What you will do:
Word for word, reproduce every line of the data below.

BEGIN

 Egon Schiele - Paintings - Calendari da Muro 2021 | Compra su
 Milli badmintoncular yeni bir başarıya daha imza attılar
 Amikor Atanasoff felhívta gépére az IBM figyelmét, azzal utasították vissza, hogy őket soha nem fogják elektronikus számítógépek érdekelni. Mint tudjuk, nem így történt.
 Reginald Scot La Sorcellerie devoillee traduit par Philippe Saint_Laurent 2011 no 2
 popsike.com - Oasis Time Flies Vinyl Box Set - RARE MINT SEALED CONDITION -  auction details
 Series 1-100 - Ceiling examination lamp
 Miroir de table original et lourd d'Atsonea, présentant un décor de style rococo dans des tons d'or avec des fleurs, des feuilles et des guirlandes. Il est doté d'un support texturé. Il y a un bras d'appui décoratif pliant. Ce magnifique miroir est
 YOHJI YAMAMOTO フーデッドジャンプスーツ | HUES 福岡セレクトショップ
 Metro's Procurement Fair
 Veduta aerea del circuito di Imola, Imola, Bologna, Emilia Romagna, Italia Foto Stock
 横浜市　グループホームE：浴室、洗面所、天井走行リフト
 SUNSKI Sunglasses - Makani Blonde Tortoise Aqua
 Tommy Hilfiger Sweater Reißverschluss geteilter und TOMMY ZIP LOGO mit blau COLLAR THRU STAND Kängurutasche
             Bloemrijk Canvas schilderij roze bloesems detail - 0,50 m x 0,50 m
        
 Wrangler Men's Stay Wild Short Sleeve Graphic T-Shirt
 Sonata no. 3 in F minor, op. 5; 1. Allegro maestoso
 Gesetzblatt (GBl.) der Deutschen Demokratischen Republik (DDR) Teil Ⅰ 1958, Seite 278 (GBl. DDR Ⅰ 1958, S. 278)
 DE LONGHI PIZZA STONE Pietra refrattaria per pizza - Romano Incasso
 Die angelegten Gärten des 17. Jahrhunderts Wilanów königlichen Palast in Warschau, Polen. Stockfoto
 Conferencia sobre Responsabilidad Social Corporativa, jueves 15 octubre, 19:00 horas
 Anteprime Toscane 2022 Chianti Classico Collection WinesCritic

END

The answer:
 Egon Schiele - Paintings - Calendari da Muro 2021 | Compra su
 Milli badmintoncular yeni bir başarıya daha imza attılar
 Amikor Atanasoff felhívta gépére az IBM figyelmét, azzal utasították vissza, hogy őket soha nem fogják elektronikus számítógépek érdekelni. Mint tudjuk, nem így történt.
 Reginald Scot La Sorcellerie devoillee traduit par Philippe Saint_Laurent 2011 no 2
 popsike.com - Oasis Time Flies Vinyl Box Set - RARE MINT SEALED CONDITION -  auction details
 Series 1-100 - Ceiling examination lamp
 Miroir de table original et lourd d'Atsonea, présentant un décor de style rococo dans des tons d'or avec des fleurs, des feuilles et des guirlandes. Il est doté d'un support texturé. Il y a un bras d'appui décoratif pliant. Ce magnifique miroir est
 YOHJI YAMAMOTO フーデッドジャンプスーツ | HUES 福岡セレクトショップ
 Metro's Procurement Fair
 Veduta aerea del circuito di Imola, Imola, Bologna, Emilia Romagna, Italia Foto Stock
 横浜市　グループホームE：浴室、洗面所、天井走行リフト
 SUNSKI Sunglasses - Makani Blonde Tortoise Aqua
 Tommy Hilfiger Sweater Reißverschluss geteilter und TOMMY ZIP LOGO mit blau COLLAR THRU STAND Kängurutasche
             Bloemrijk Canvas schilderij roze bloesems detail - 0,50 m x 0,50 m
        
 Wrangler Men's Stay Wild Short Sleeve Graphic T-Shirt
 Sonata no. 3 in F minor, op. 5; 1. Allegro maestoso
 Gesetzblatt (GBl.) der Deutschen Demokratischen Republik (DDR) Teil Ⅰ 1958, Seite 278 (GBl. DDR Ⅰ 1958, S. 278)
 DE LONGHI PIZZA STONE Pietra refrattaria per pizza - Romano Incasso
 Die angelegten Gärten des 17. Jahrhunderts Wilanów königlichen Palast in Warschau, Polen. Stockfoto
 Conferencia sobre Responsabilidad Social Corporativa, jueves 15 octubre, 19:00 horas
 Anteprime Toscane 2022 Chianti Classico Collection WinesCritic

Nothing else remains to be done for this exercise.